July soybeans ended 14-cents higher at US$6.08 1/2, November soybeans finished 14 1/4-cents higher at US$6.35 1/4, December soymeal settled US$2.80 higher at US$181.50 a short tonne, while December soyoil ended 79 points higher at 28.17 cents a pound.
The market remains speculative driven, and with drier weather outlooks for dry areas of the soybean belt, sellers ran for cover as prices catapulted near two-month highs, analysts said.
The supportive theme was consistent from the outset, with the weather uncertainties providing the fundamental spark to flush out some shorts, with the ability of the November contract to eclipse overhead resistance levels accelerating the advances, traders add.

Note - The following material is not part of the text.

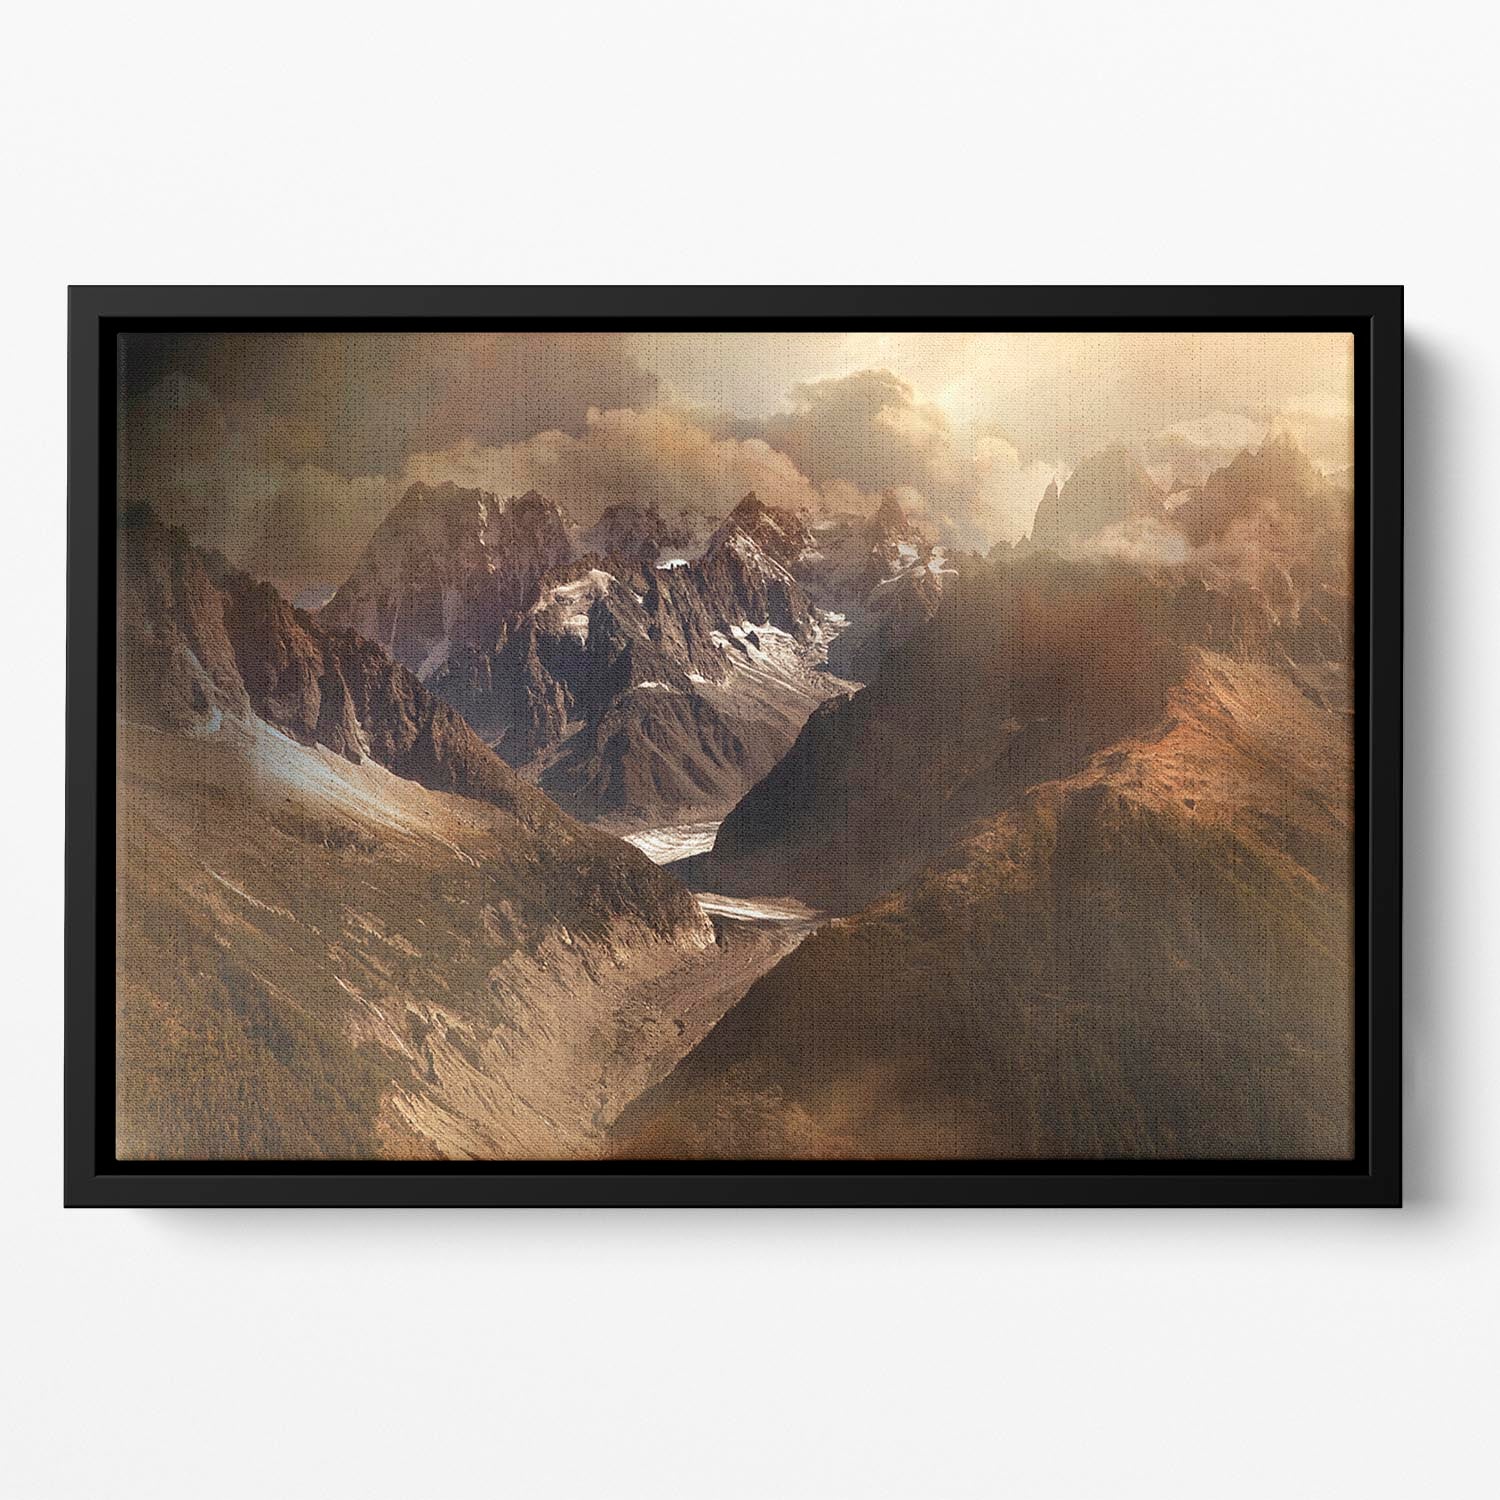 Mont Blanc Massiv Floating Framed Canvas - Canvas Art Rocks - 2

"We are not seeing much of a chance of substantial relief in the next couple of weeks for areas in the western Midwest suffering from moisture deficits," said Joel Widenor, meteorologist with Cropcast Weather Services.
The latest weather models are pointing to drier conditions in the 6-10 day and 11-15 day weather outlooks, but the temperatures are quite a bit cooler than previous forecasts, Widenor said. The forecast models remain inconsistent on long range views, but there isn't a lot of confidence that the corn belt will see any stressful heat in the next two weeks, he added.
The U.S. Department of Agriculture is scheduled to release its weekly export sales report Friday at 7:30 a.m. CDT. Analyst forecast soybean commitments in a range of 200,000 to 400,000 metric tonnes. Soymeal sales are seen falling in a range of 65,000 to 125,000 metric tonnes and soyoil commitments are expected in a range of zero to 6,000 tonnes.
In pit trades, ABN Amro bought 1,200 November, Man Financial bought 2,000 November, RJ O'Brien bought 1,000 November, Goldenberg Hehmeyer bought 700 November, with JP Morgan, Rand Financial and Rosenthal each buying 500 November. Speculative funds were estimated buyers of between 7,000 and 8,000 contracts.
On the sell side, RJ O'Brien sold 500 November, FCStonnee, Fimat and Man Financial each sold 300 November.
South American soybean futures ended higher, with the July future settling 15-cent higher at US$6.28.
SOY PRODUCTS
Soy product futures ended higher across the board Thursday, rallying to the upside in unison with soybeans. Soyoil futures were the clear leader of upside movement in the products once again, with the active December contract soaring to a new contract high. Speculative led buying continues to fuel upside movement, with bullish enthusiasm associated with future demand for biodiesel amid rising crude oil prices remains a spark to attract buyers, analysts said.
Soymeal futures rallied higher, following in the footsteps of soybeans. However, the market continued to loose product share to soyoil over the course of the day, as the absence of underlying fundamental support has kept the market in the role of a follower, trader said.
July oil share ended at 43.63%, and the July crush ended at 75 1/4 cents.
In soymeal trades, Man Financial bought 500 December, Calyon Financial bought 400 December and Bunge Chicago bought 300 December. Sellers were scattered among various commission houses.
In soyoil trades, Fimat bought 1,000 December, with Citigroup, O'Connor and RJ O'Brien featured buyers as well. Sellers were scattered among various commission houses. Speculative funds were estimated buyers of 3,000 contracts.